Background
Venoarterial extracorporeal membrane oxygenation (VA-ECMO) is a temporary mechanical circulatory support for patients with cardiac failure [
1,
2]. Because ECMO is invasive, analgesia and sedation are important to limit responsiveness, prevent accidental decannulation, and maintain ECMO flows, all of which promote recovery [
3‐
5]. The use of opioids is standard practice during ECMO [
6‐
8].
Sufentanil is a synthetic opioid drug, which has a rapid onset and is 5–10 times more potent than fentanyl [
9]. It is highly protein bound (91–93%) [
10], metabolised by the liver, and excreted as metabolites in the urine (2% unchanged, 80% metabolites) [
11]. A large variability in sufentanil pharmacokinetics (PK) is expected in ECMO patients due to the combination of ECMO, drug characteristics, and disease factors [
12]. Volume of distribution (Vd) is altered owing to physiologic changes related to critical illness, hemodilution, and sequestration in ECMO circuit, while clearance (CL) is variable owing to organ dysfunction and non-pulsatile flow in VA-ECMO [
13‐
15]. ECMO could act as a reservoir that prolongs the effect of sedatives even after the drugs have been discontinued [
16]. Despite the widespread use of ECMO, the literature regarding sufentanil PK and ECMO was based on only in vitro analysis, which showed 83% loss of sufentanil in ECMO circuits at 24 h [
17]. In the present study, we aimed to develop a population PK model of sufentanil in ECMO patients and identify covariates associated with sufentanil exposure in order to suggest a more rational dosing recommendation.
Methods
Study design and ethics approval
This was a prospective, cohort study conducted at the cardiac intensive care unit in Severance Cardiovascular Hospital, a university-affiliated tertiary care hospital in Seoul, Republic of Korea, between January 2016 and June 2017. The study was approved by the Institutional Review Board (IRB No.: 4-2014-0919) of Severance Hospital and was registered at Clinicaltrials.gov (NCT02581280). Written informed consent was obtained from the patients or the legal surrogates of unconscious patients. This study complied with the Strengthening the Reporting of Observational studies in Epidemiology (STROBE).
Study population
Twenty patients aged 19 years or older, who received sufentanil-based analgesia and sedation during VA-ECMO, were enrolled in this study.
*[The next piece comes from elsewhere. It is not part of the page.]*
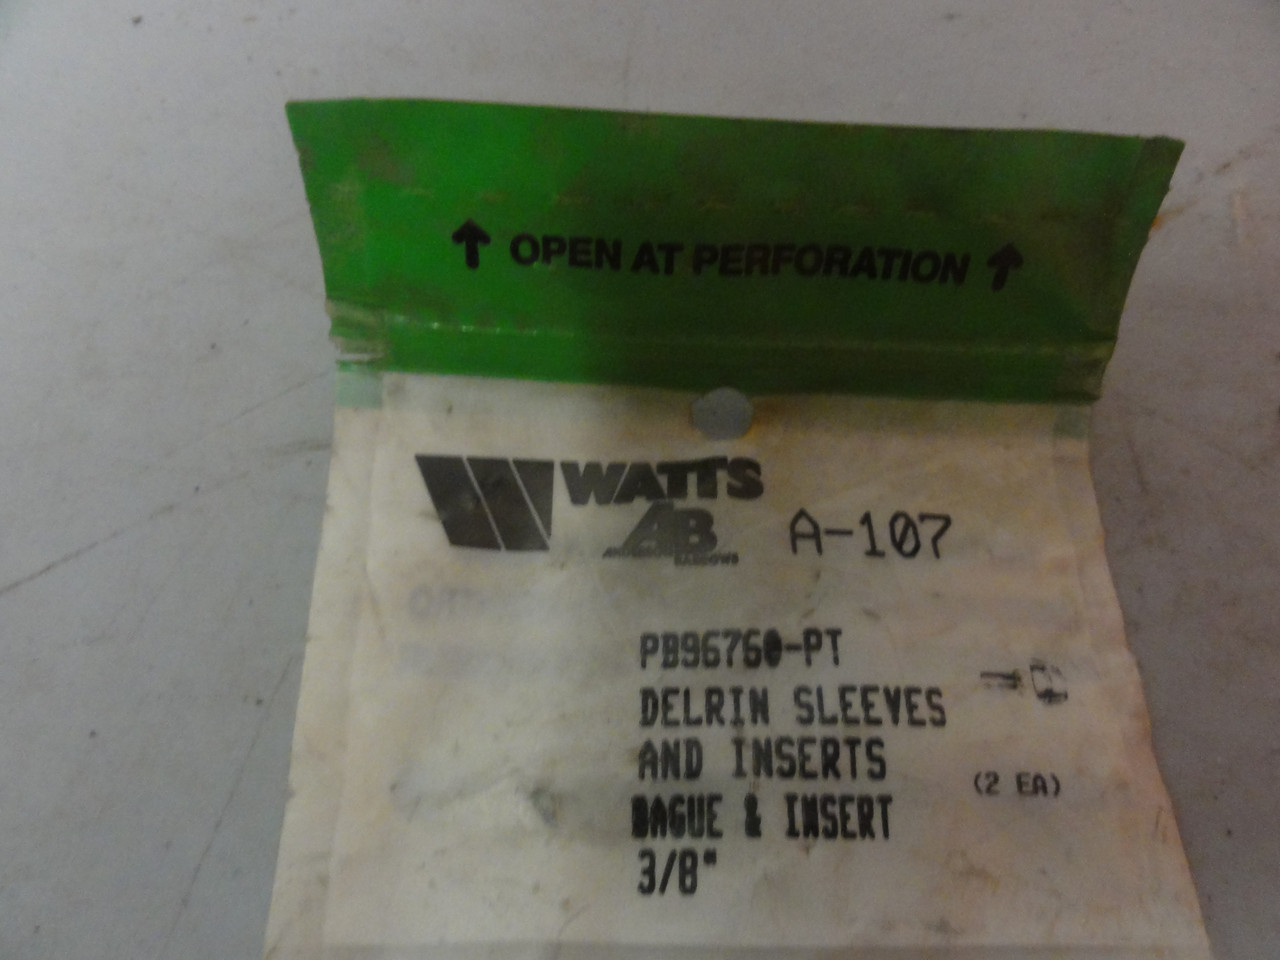 Watts Anderson Barrows A-107 Brass Insert and Delrin Sleeve 3/8" OD New

The exclusion criteria were younger than 19 years, known allergy to sufentanil, and taking any medication that could cause potential drug-drug interactions or alter sufentanil concentrations.
Dosing, administration, and data collection
ECMO patients received sufentanil for maintenance of analgesia and sedation supplemented as needed with midazolam. Sufentanil dosing in our centre was based on patients’ body weight, with initial infusion doses of 12.5 (< 60 kg) or 17.5 μg h−1 (≥60 kg). An initial bolus of 3 (< 60 kg) or 5 mg (≥ 60 kg) midazolam was given, with an initial infusion dose of 4.5 mg h−1. Management of pain should be guided by routine pain assessment of Nonverbal Pain Scale. Nurses assessed the depth of sedation, indicating the prevalent Richmond Agitation Sedation Scale (RASS) in their work shift. Analgesia and sedation protocol was to keep patients deeply sedated during the first few days of ECMO followed by intermediate or light sedation before ECMO discontinuation when possible. The infusion rates of sufentanil and midazolam were modified to achieve a target RASS score, and each dose adjustment was recorded.
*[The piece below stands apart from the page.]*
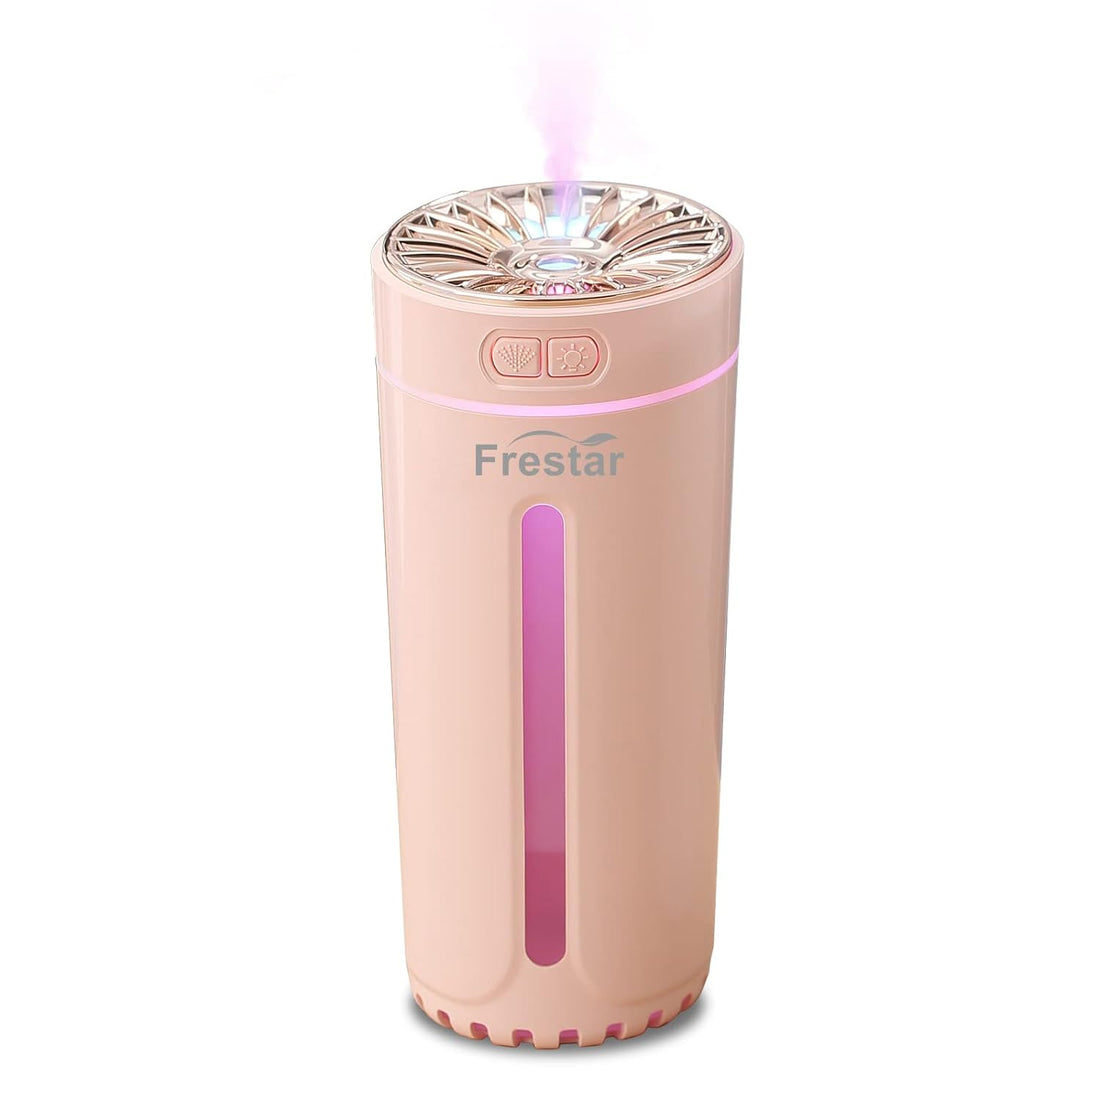 Small USB Desktop Humidifier 300ml with 7 Colors LED Light for Home, Plant, Car, Office, Bedroom,Baby with Nano Mist and No Battery (Pink)

Data on demographics, organ function, ECMO, vital signs, and drug dosing were collected from the electronic medical records.
The ECMO circuit included a centrifugal blood pump with a pump controller (Capiox® SP-101, Terumo Inc., Tokyo, Japan), an air-oxygen mixer (Sechrist® Ind., Anaheim, CA, USA), and conduit tubing (Capiox® EBS Circuit with X coating, Terumo Inc.). The days on ECMO, ECMO flow rate, and ECMO pump speed were recorded.
Sample collection and plasma concentration assay
The study was initiated during the first 48 h of starting ECMO. Blood samples were collected after 3 and 12 h of infusion and then every 24 h until 96 h had elapsed. When infusion was discontinued for any reason, blood was sampled after 0, 0.5, 1, 2, 6, and 12 h, and then every 24 h until 72 h had elapsed. Each blood sample (2 mL) was drawn from an existing arterial line and collected in a tube containing ethylenediaminetetraacetic acid as an anticoagulant. The blood samples were centrifuged at 1500×g for 10 min at 4 °C, and the plasma was immediately stored at − 80 °C until needed.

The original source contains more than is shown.